# The Whole Ball Of Wax



## Bill Gruby (Sep 4, 2015)

This is something you don't see everyday. It's an Edition one of the Machinerys Handbook in its original package. I bid for a bit but that one guy is set on owning it. I already have one so no sense in driving the price up on him. He will pay enough as it is.

 "Billy G"

http://www.ebay.com/itm/191677022282?_trksid=p2060353.m1431.l2649&ssPageName=STRK:MEBIDX:IT


----------



## hvontres (Sep 4, 2015)

Hmm, seems a bit steep for me  And it dosn't even have the thumb holes.  But that put the $90 for a current large print edition into perspective.


----------



## Bill Gruby (Sep 4, 2015)

To a collector that is not a steep price. None of the early editions had thumb holes, they started with Edition #6. Also there was information in this Edition that is no longer in the latest Edition #29. If you think that is high, you don't want to know what I paid for one in immaculate condition without the box. None of us can put a price on another persons happiness.

"Billy G"


----------



## Andre (Sep 4, 2015)

I thought my 11th edition was old, but that one is in great shape. I have to wonder how many of them (In boxes) are left.


----------



## Bill Gruby (Sep 4, 2015)

In boxes  I've only see 2 Andre. The 11th that you have is the most popular edition. There are a whole lot of them. My #1 is in the original box. It's in much better shape than the one on the bay now. I need only #3, #4 and #8 and I have all 29 Editions. 2016 should bring #30 on board.

 "Billy G"


----------



## 4GSR (Sep 4, 2015)

I have an original fifth edition that is in fair shape that was given to me several years ago.


----------



## Bill Gruby (Sep 5, 2015)

#5  seems to be the bottom line for most owners Ken. It was the first to change from #1.  #1  thru #4 are identical except for Edition numbers and printing dates. A new Edition comes out about every 4 years, #1 thru #5 are Copyright 1914, #6 is Copyright 1914, 1924.

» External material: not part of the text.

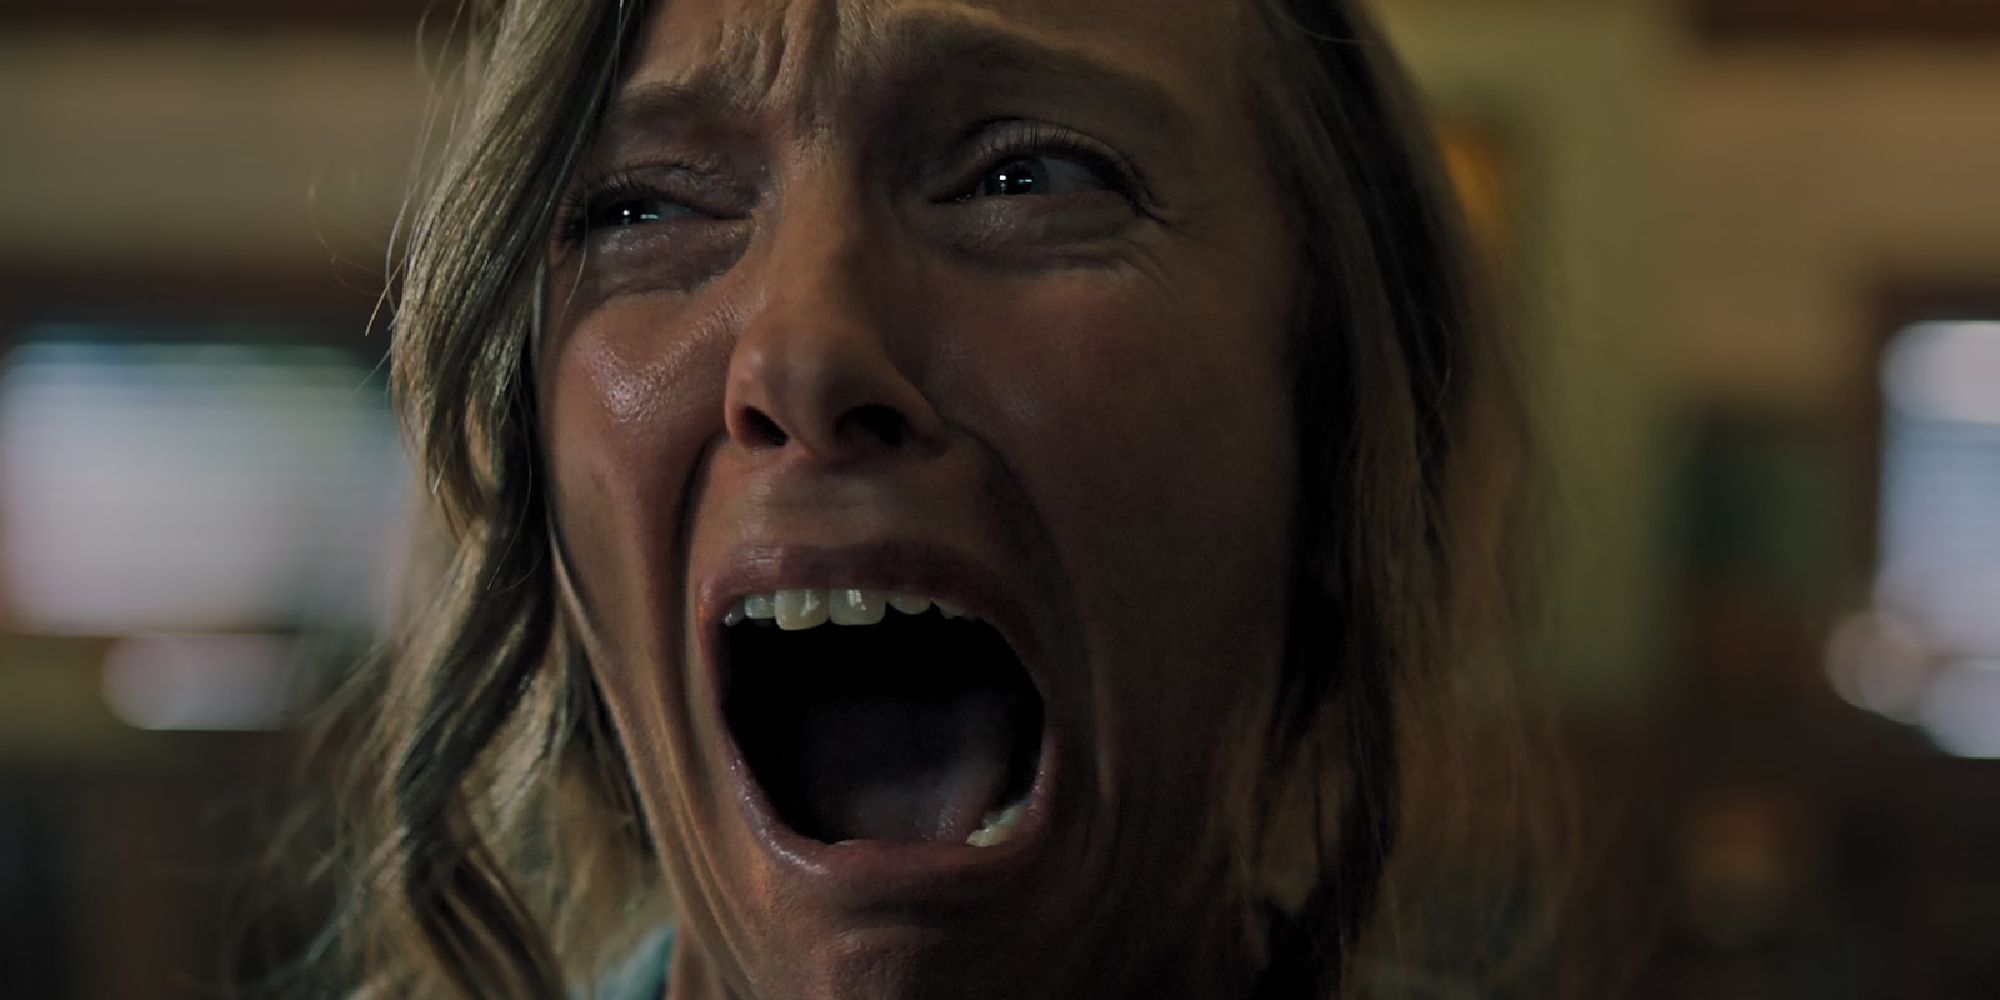 Toni Collette screaming in 'Hereditary'
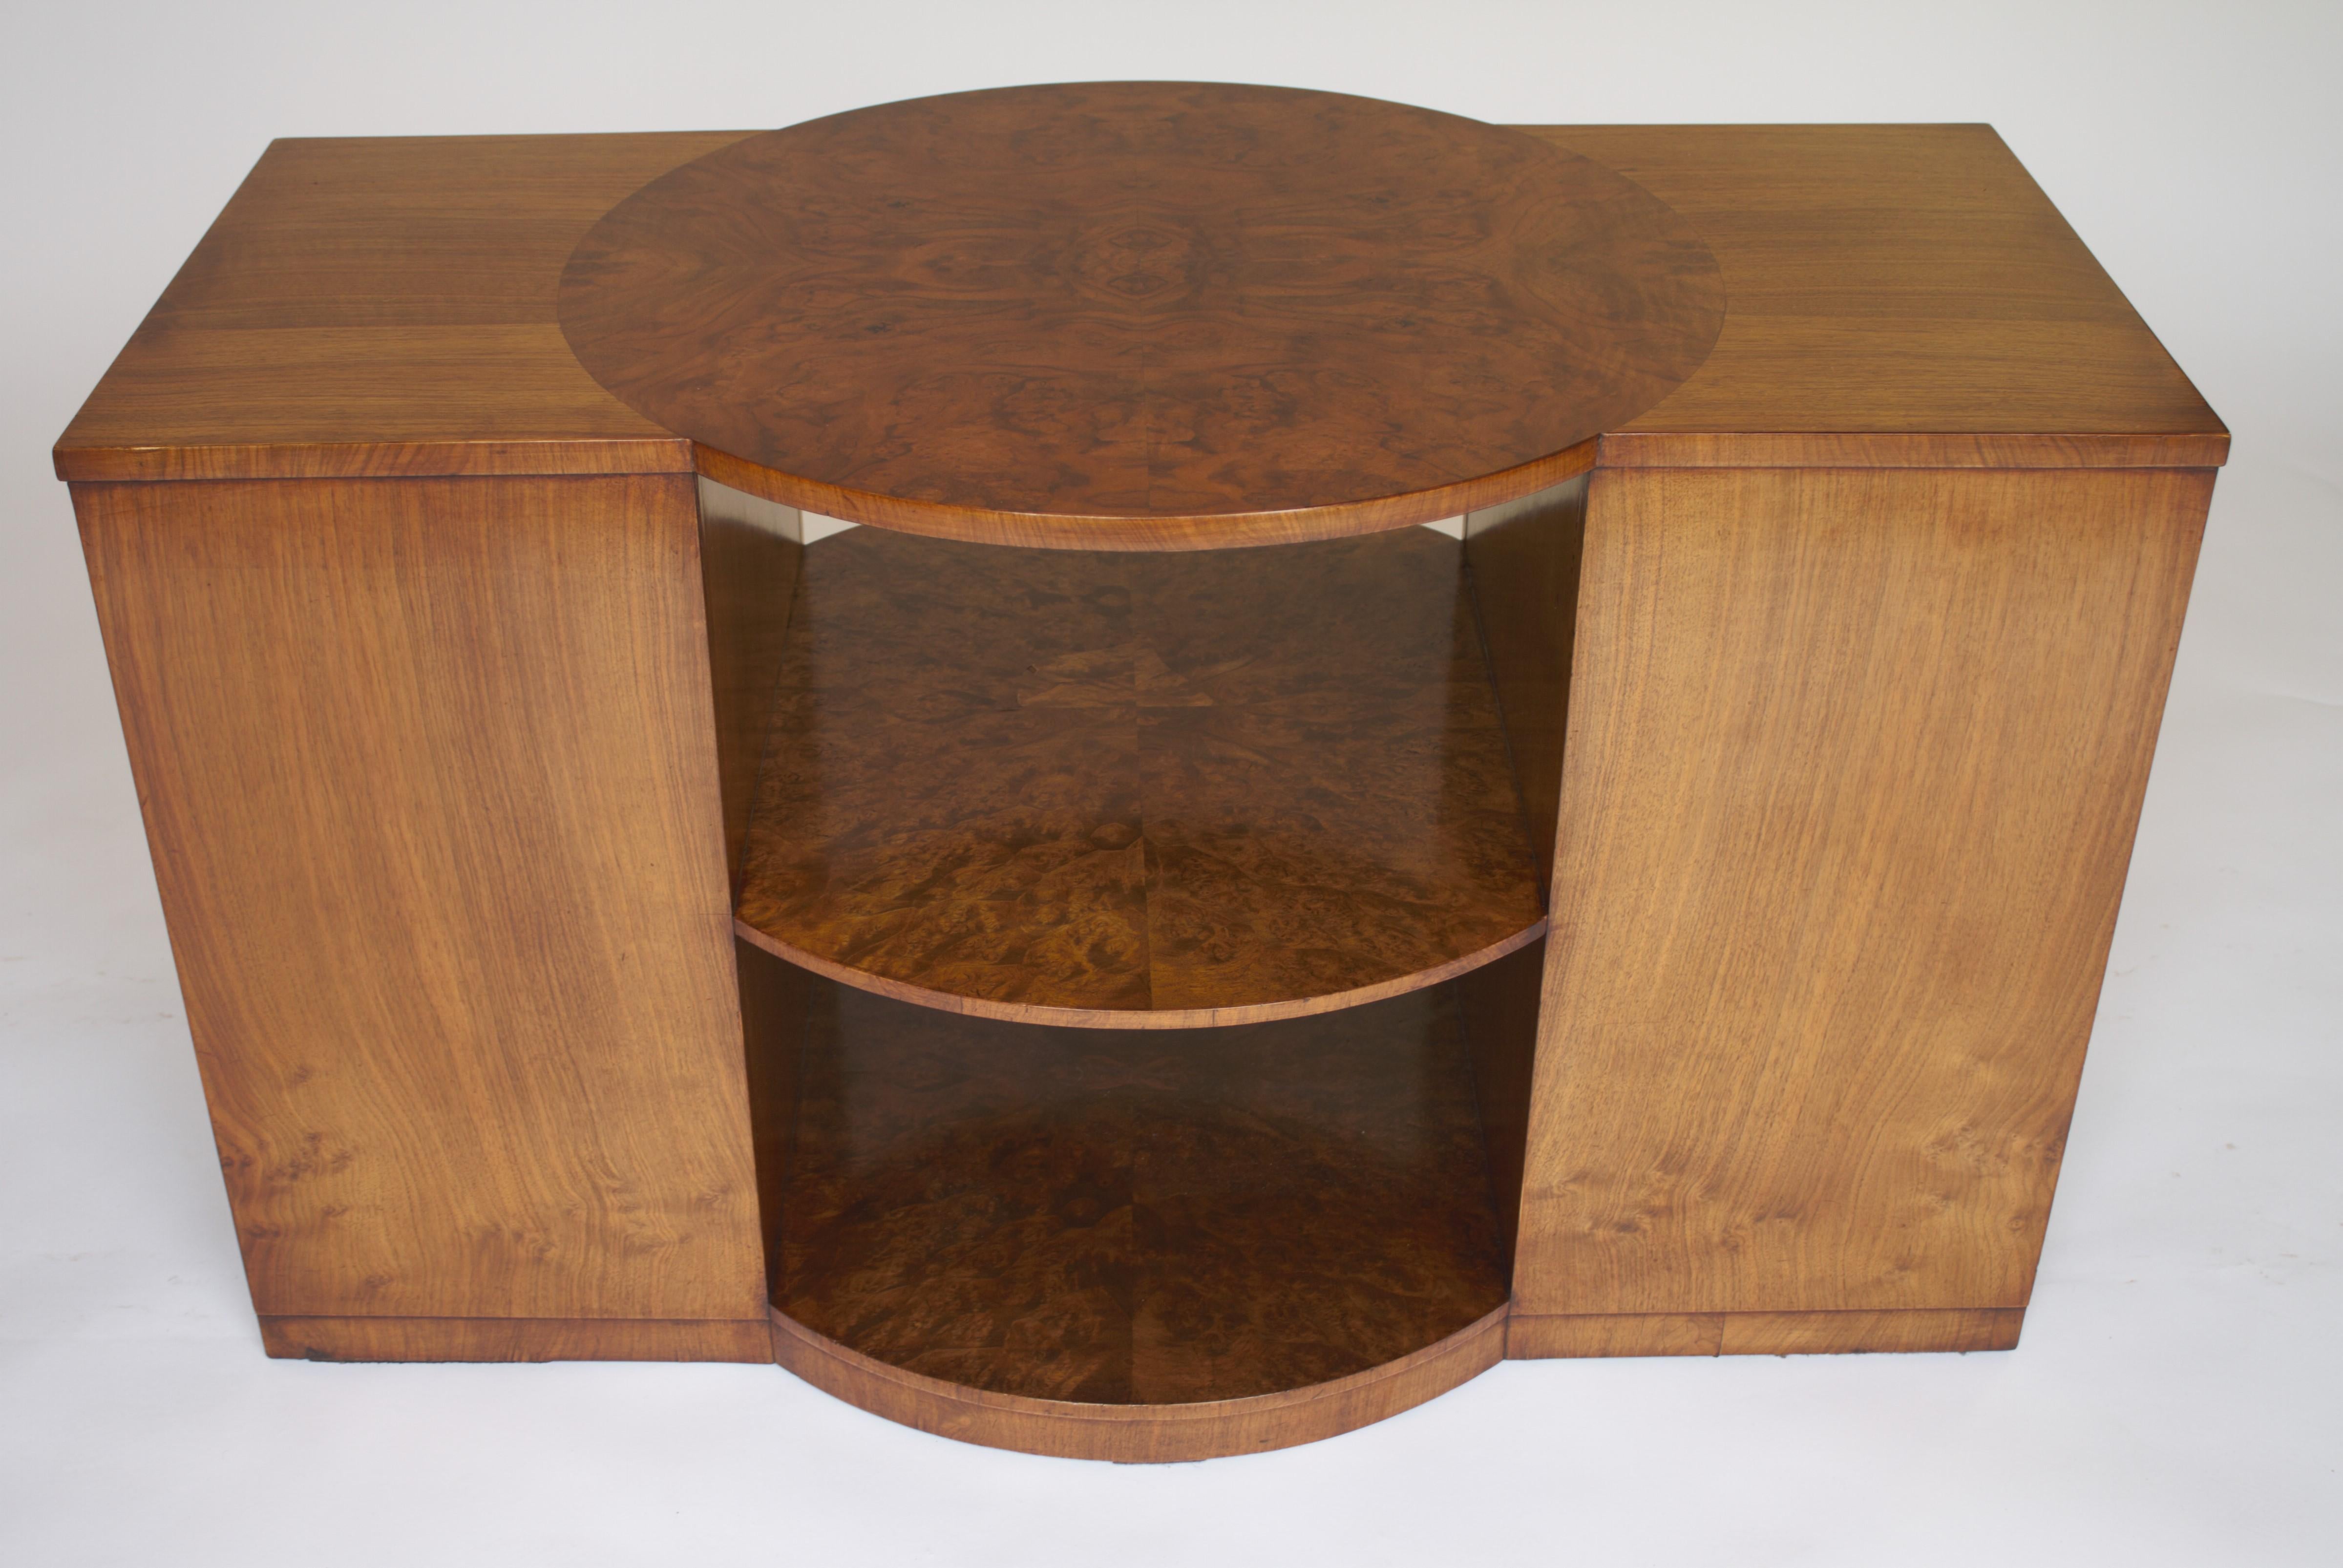 British Art Deco Burr  Walnut Coffee table / Nests 3 tables each side, circa 1920s For Sale

#1 printed - 1914, #2 printed - 1915, #3 printed - 1916, #4 printed - 1917, #5 printed -  1919  and #6 - printed in 1924.            

"Billy G"


----------



## Tony Wells (Sep 5, 2015)

I want to be in your Will, Billy


----------



## Bill Gruby (Sep 5, 2015)

Half my neighborhood does to.


----------



## Billh50 (Sep 5, 2015)

I have an American Machinist's Handbook by Colvin & Stanley second edition dated 1920. It's not in the best of shape but is all there. Seems someone folded it in half at some point in time. It was in the drawer of an old tool box. It even has the name of the owner and where he worked written inside.


----------



## Bill Gruby (Sep 5, 2015)

Sold at $555.00. Someone has to be PO'd. A sniper took it right out from under him. Bummer.

 "Billy G"


----------



## Bill Gruby (Sep 5, 2015)

Reality time. A full set of Machinerys Handbooks, just the Tool Box Editions, is worth about $8000.00. Add in the Guides, Large print editions and Student editions and you are looking at a $15,000 price tag. How ya like those apples. Keep in mind for these prices all must be in excellent condition. I know of only one collection of this caliber. He estimates his at $25,000.

"Billy G"


----------